_Problem to work on_. Pictures excluded, output exactly the lines from the one containing "Simply elegant, no" through the last line of the listing below.

_Source data_.
____________

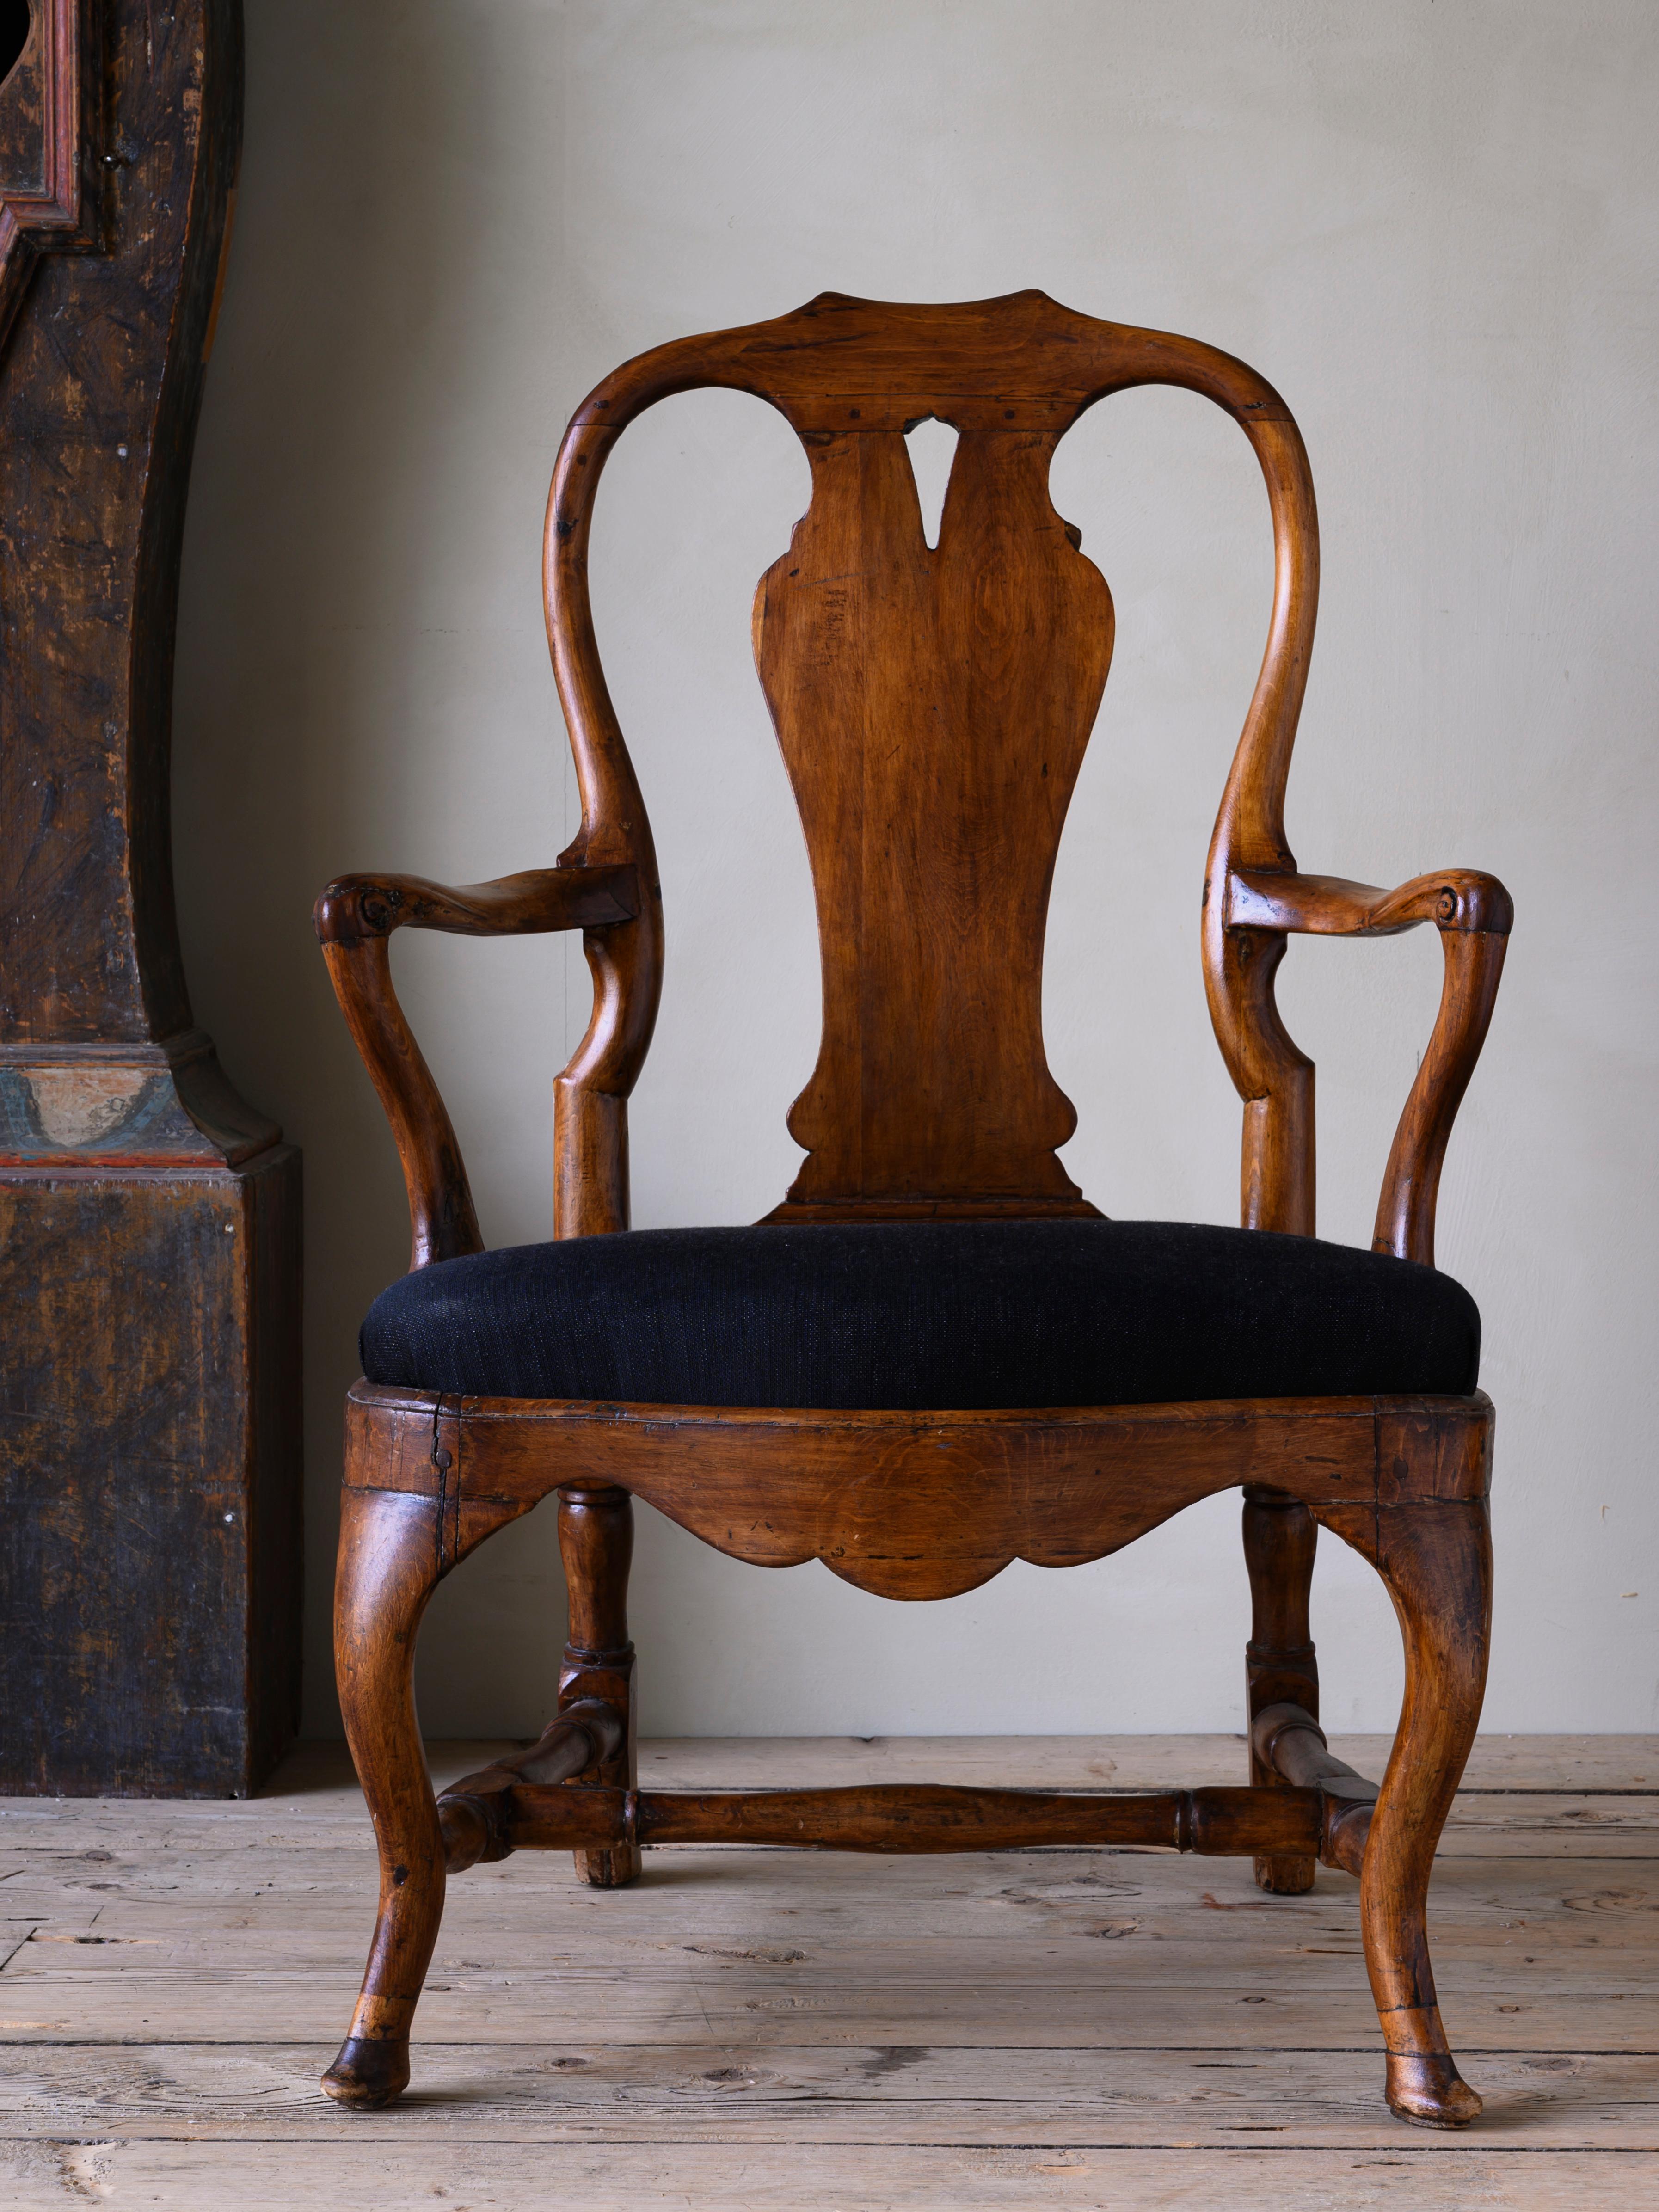 Fine 18th century Swedish Rococo armchair with a nice subtle patina and great proportions, circa 1870, Stockholm.
Simply elegant, no fuss. It's all about the proportions and finish.
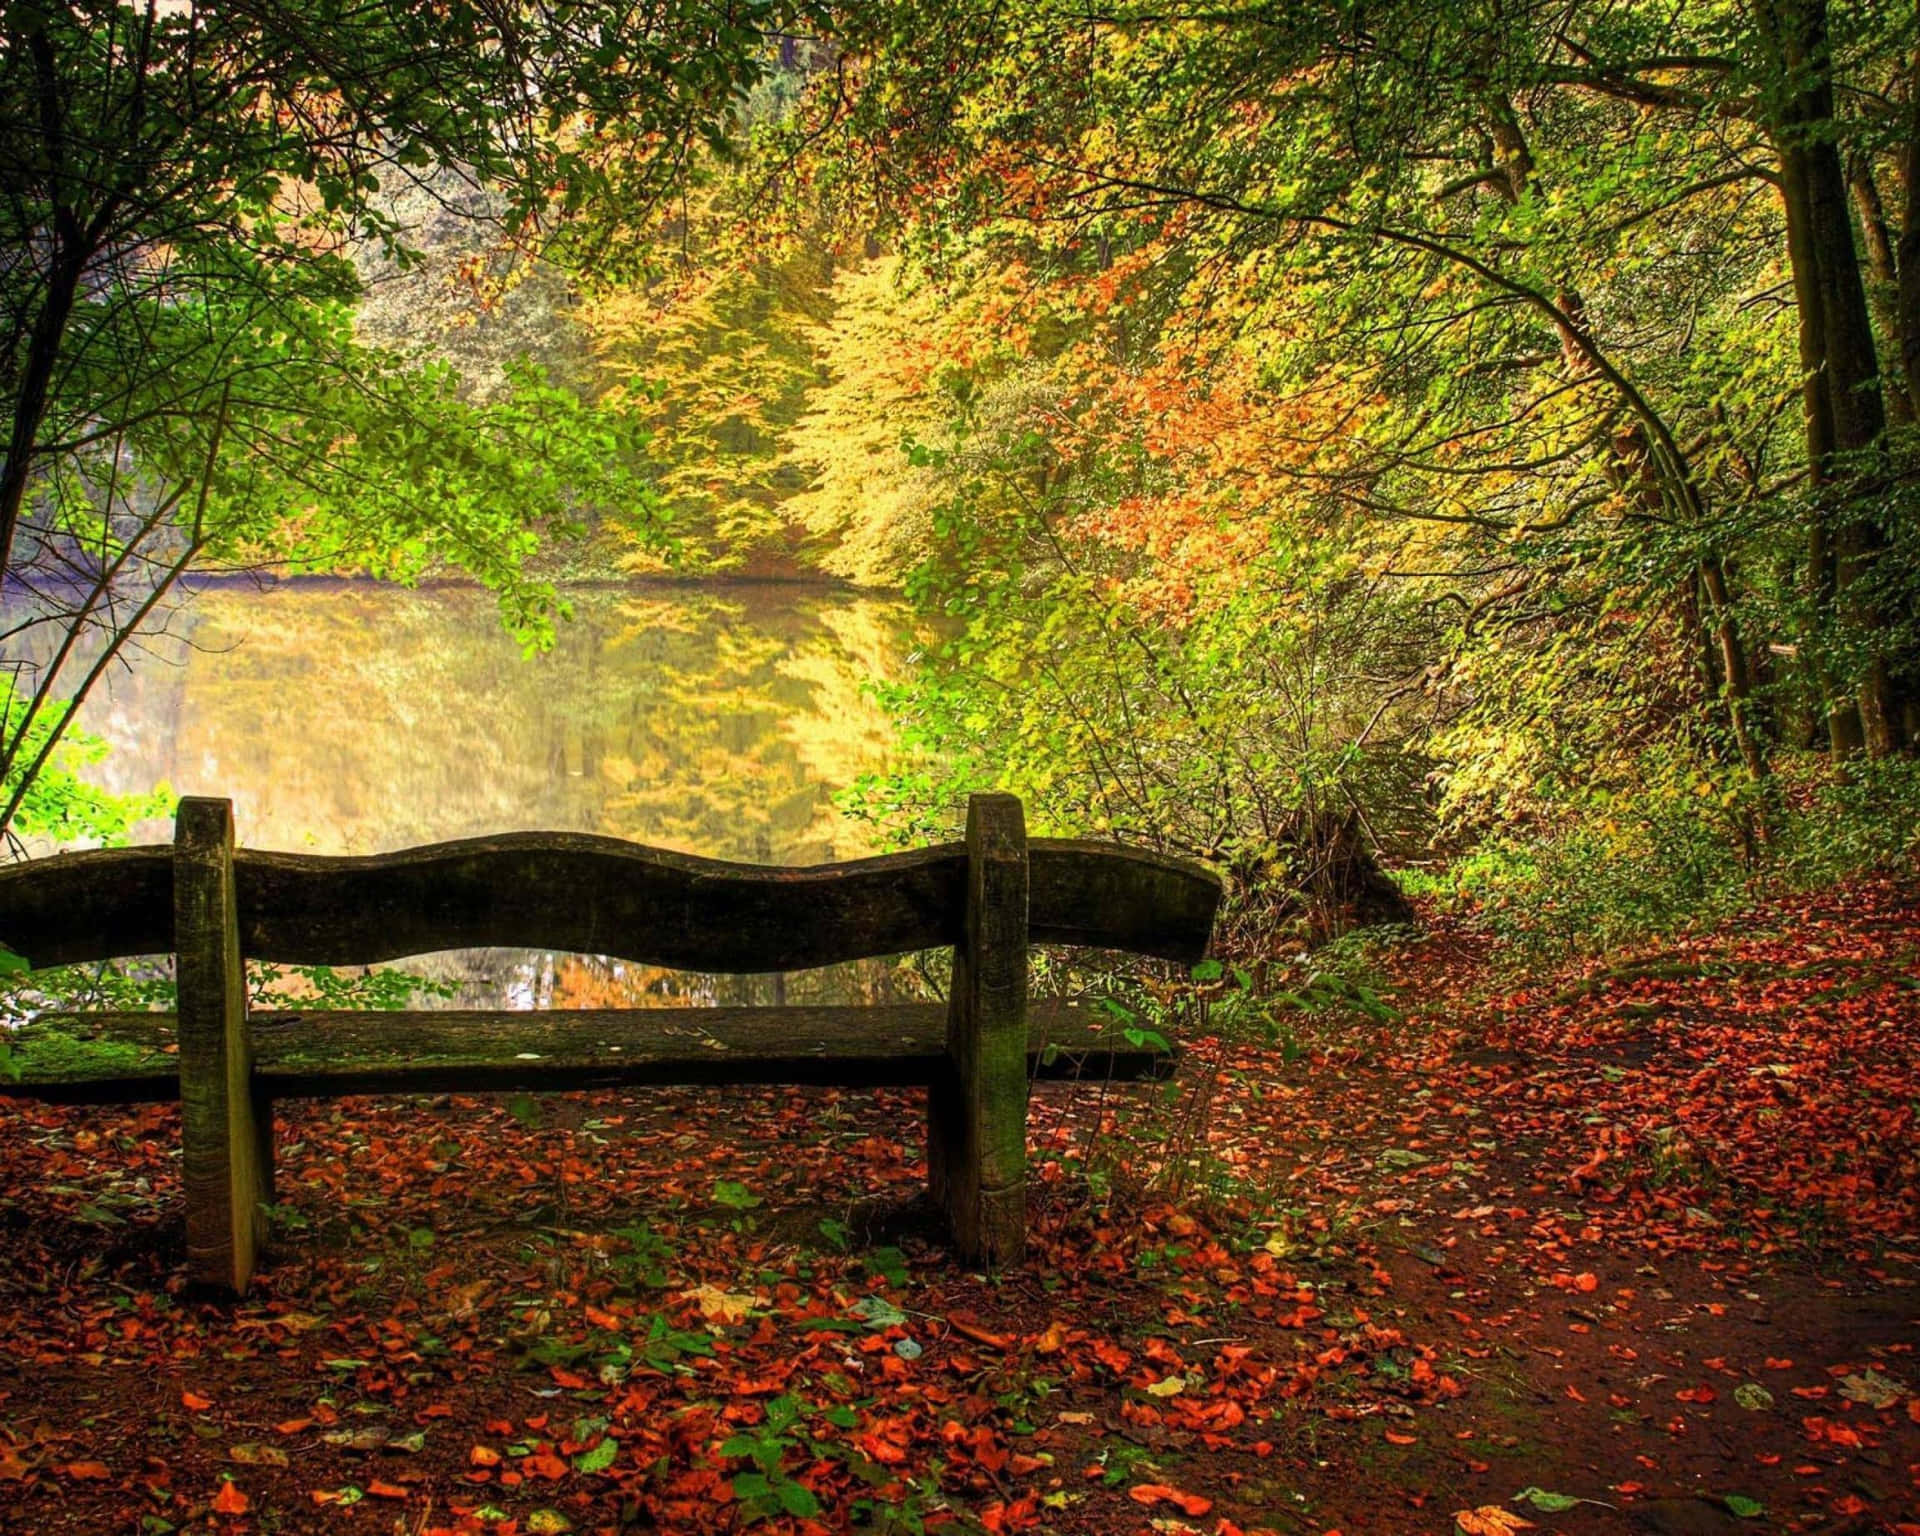 Tranquil Fall Nature Scenery Wallpaper

____________

_Result below_.
Simply elegant, no fuss. It's all about the proportions and finish.
 Tranquil Fall Nature Scenery Wallpaper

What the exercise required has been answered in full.